Authors: Graham Hancock
‘I still don’t understand …’
‘It is not necessary to understand, only to act. You cannot defeat Sulpa now without Leoni’s help, and Sulpa cannot be defeated in her time unless he is defeated now. Together you and she possess great strength that neither of you have yet imagined. Better you meet in dreams and visions than not meet at all.’
‘I feel like you’re using us,’ said Ria. ‘Both of us. To fight your battles for you.’
‘Have I not already said as much? Sulpa is in human form, so of course it is humans who must fight him …’
Ria gave the blue woman a ferocious look: ‘I saw you with my parents. The last time I ate the Little Teachers. I saw you with my mother and father and they were alive even though I know they’re dead. What was going on there?’

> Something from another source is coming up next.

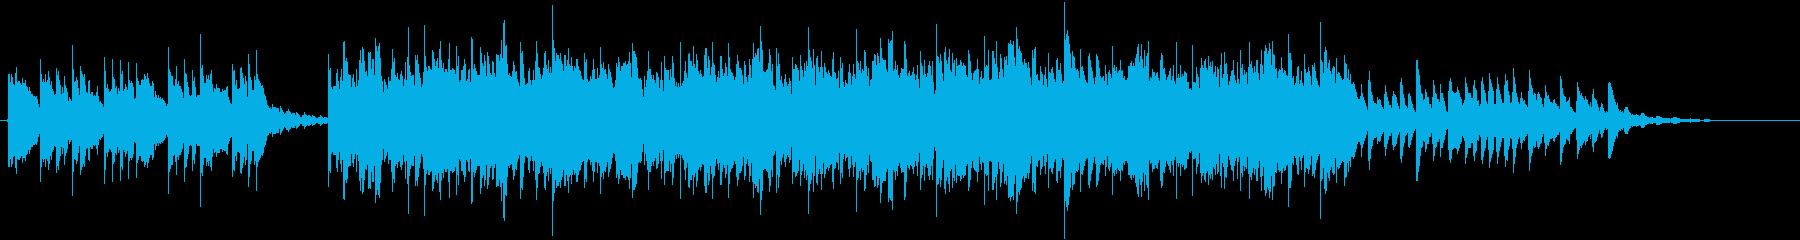 黄昏時の和の風景のイメージの再生済みの波形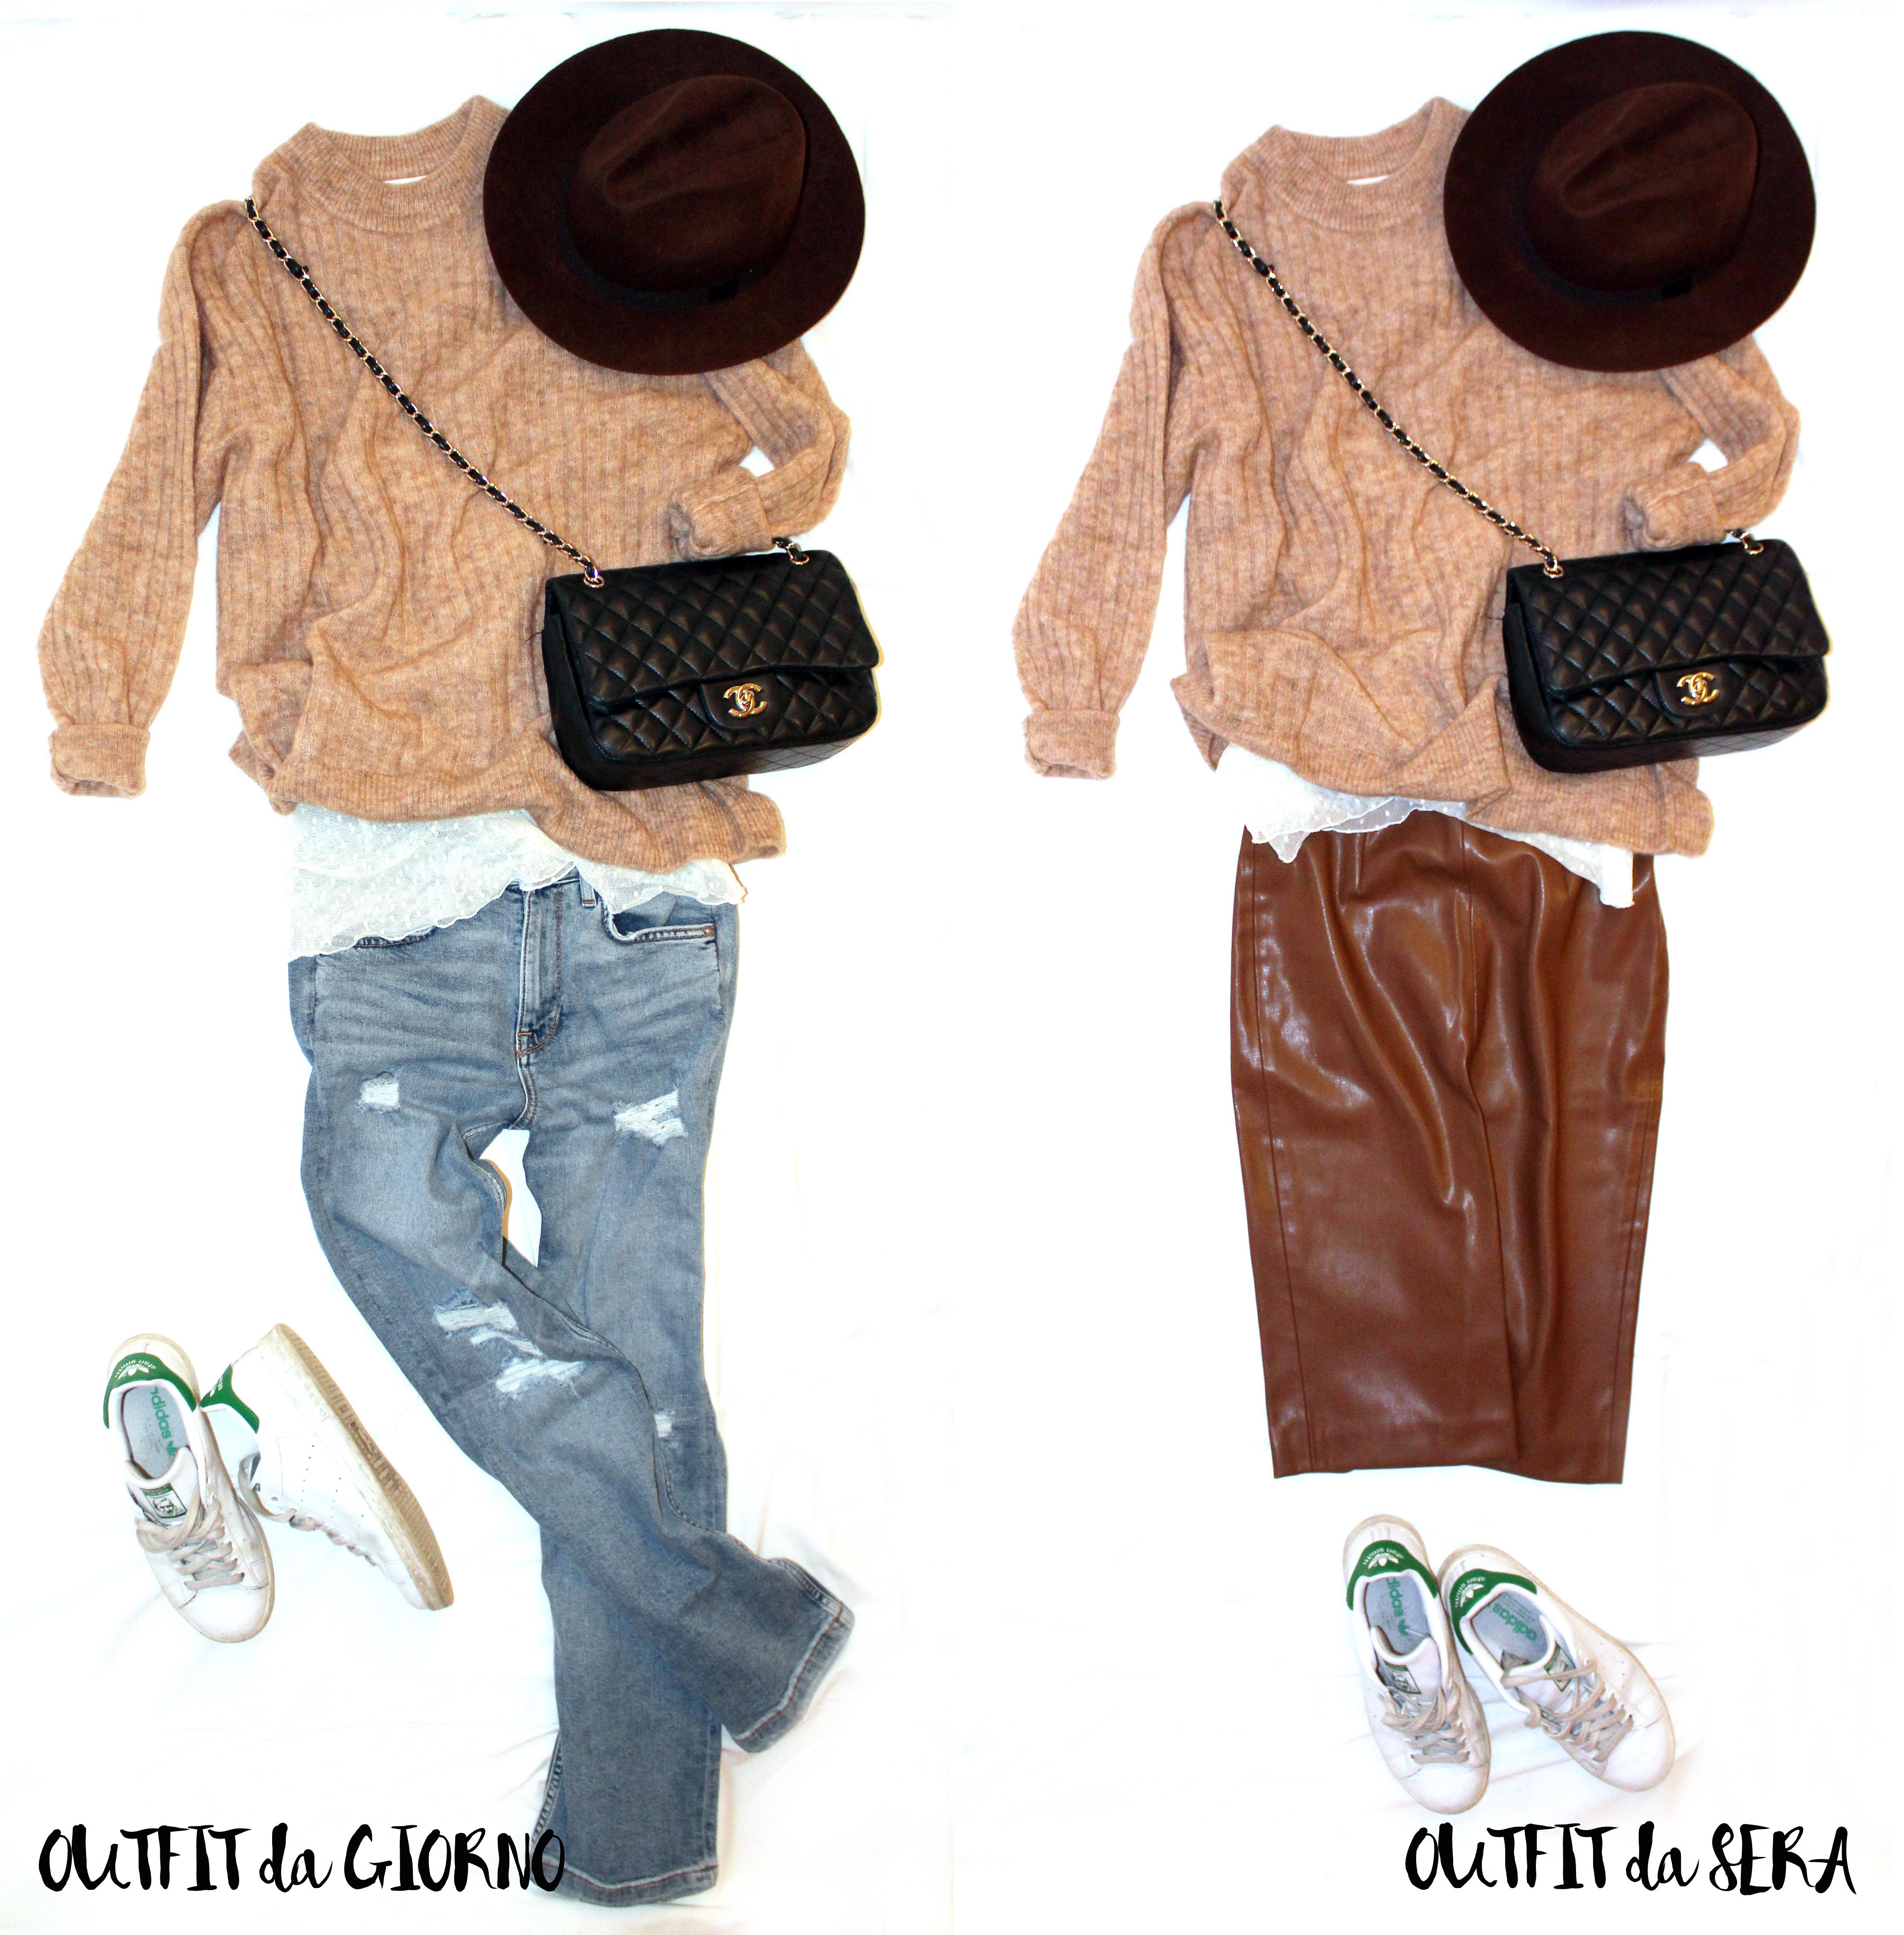 Il mio primo outfit: pull oversize color cammello, maglietta di tulle e cropped jeans. per la sera sostituisco il denim con una gonna di ecopelle e il gioco è fatto!

‘There are realms in which your mother and father still live.’
‘Can I see them again?’
‘Perhaps there will be a time for that.’
‘If it’s only “perhaps”, why did you even show them to me in the first place? Are you trying to drive me mad?’
‘It was a test. The balance you draw between love and reason. I had to be sure I chose well when I chose you to fight Sulpa.’
Ria was getting angry. Whatever made this being think she had the right to test her for anything? Or decide who or what she was to fight?
But then she remembered Hond and Rill and swallowed her pride. The truth was she did want to fight Sulpa. She wanted to destroy him. Any way it could be done. ‘You said you have three gifts for me today,’ she said.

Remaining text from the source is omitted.